Он начал выкликать имена. Мы с Дигги, Колом и Эдом попали в разные классы. Прозвучало имя Айлсы — никто не откликнулся. Я попал в один класс с Дэниелом. Мы оба сделали шаг вперед, он сжал мою руку.
— Скотина злобная, — говорит.
В классе мы сели рядом, хотя парты там были на одного. Перед нами сидел учитель, Любок.
— Кое-кого учить начали прямо с порога, — говорит.
И показал зубы в полуулыбке.
— Тут совсем не так плохо, когда освоитесь, — говорит.
Он научил нас, как нужно вставать и говорить «доброе утро», когда в класс входит он или еще кто-то из старших. Раздал учебники. Положил свой хлыст перед собой на стол.

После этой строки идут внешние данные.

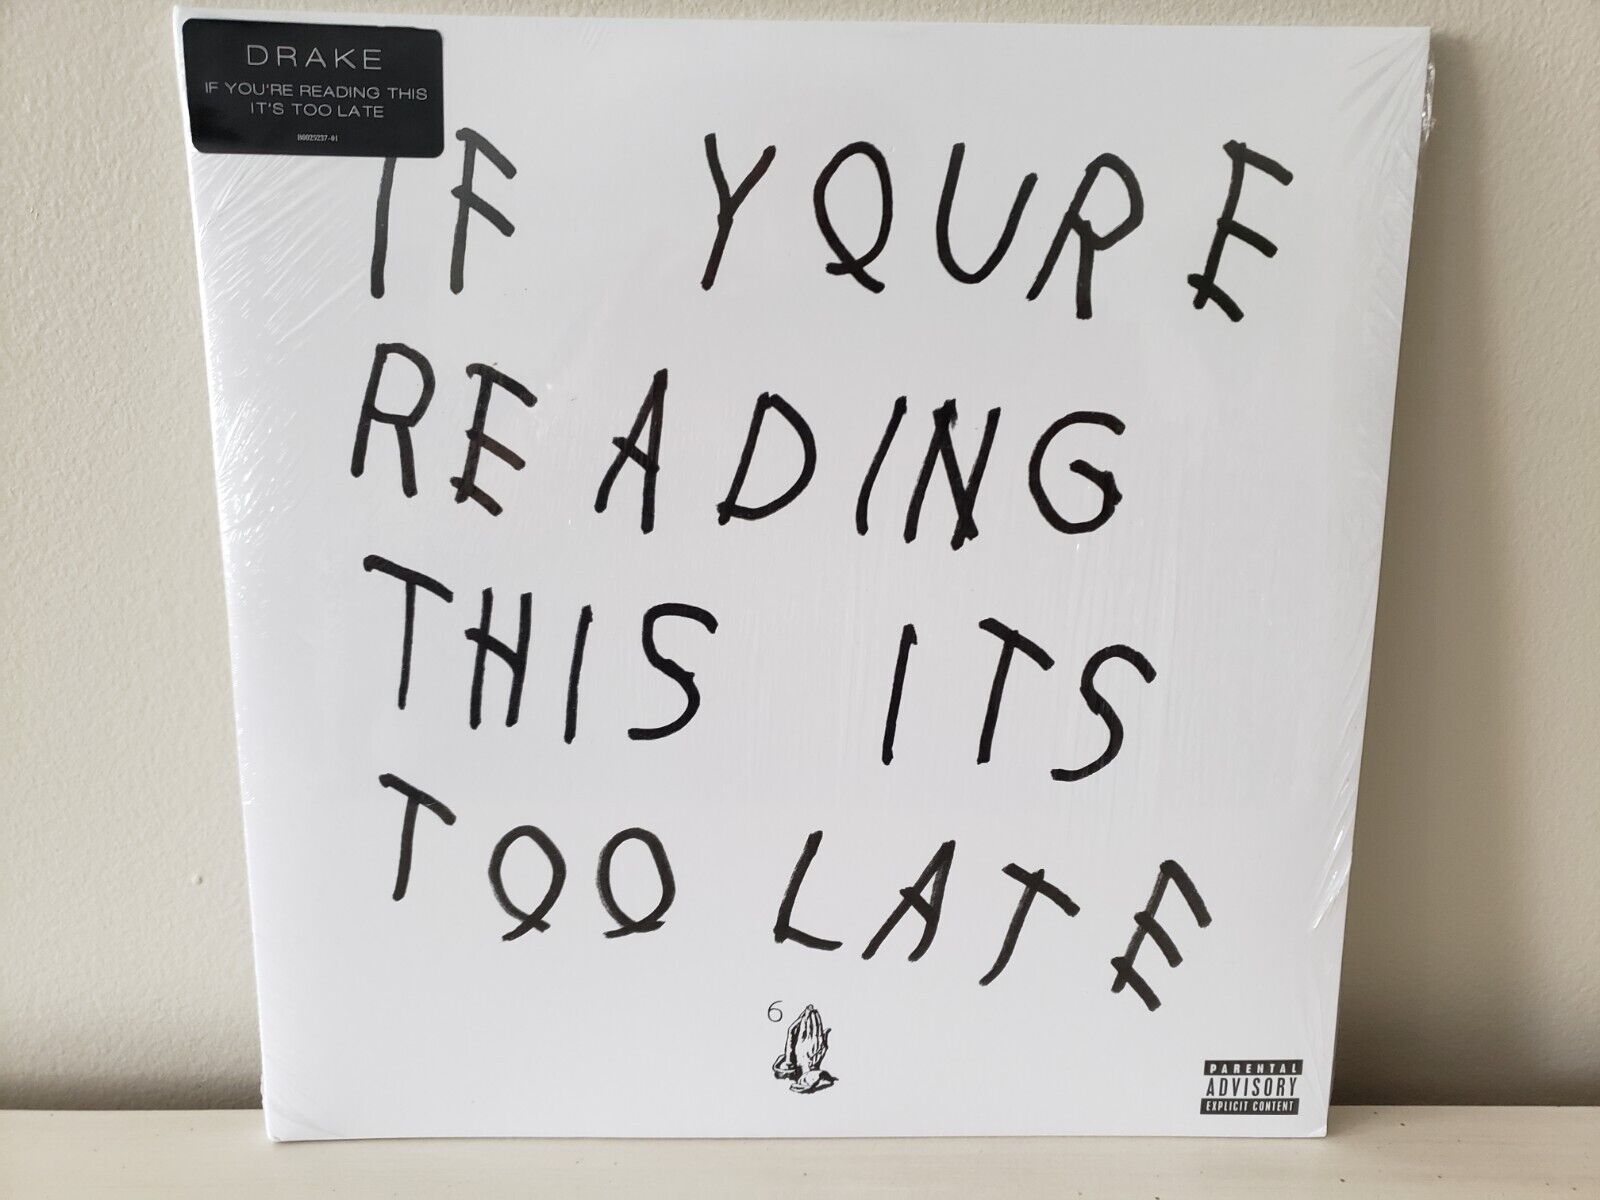 If You're Reading This It's Too Late by Drake (Record, 2016) online

— Соедините ладони, — говорит.
Я давай сжимать их как можно крепче — вдруг удастся выжать всю боль.
— А теперь помолимся Господу, — говорит.
21
Айлса хихикала, глядя на кур, которые клевали зерно у ее ног. Сама она собирала гороховые стручки и складывала в белую эмалированную миску. А от меня уходила все дальше.
— Хватит уже приставать ко мне, Бобби Бернс, — говорит.
— А ты чего в школу не пришла? — спрашиваю. — Какая-то ты совсем глупая, подруга.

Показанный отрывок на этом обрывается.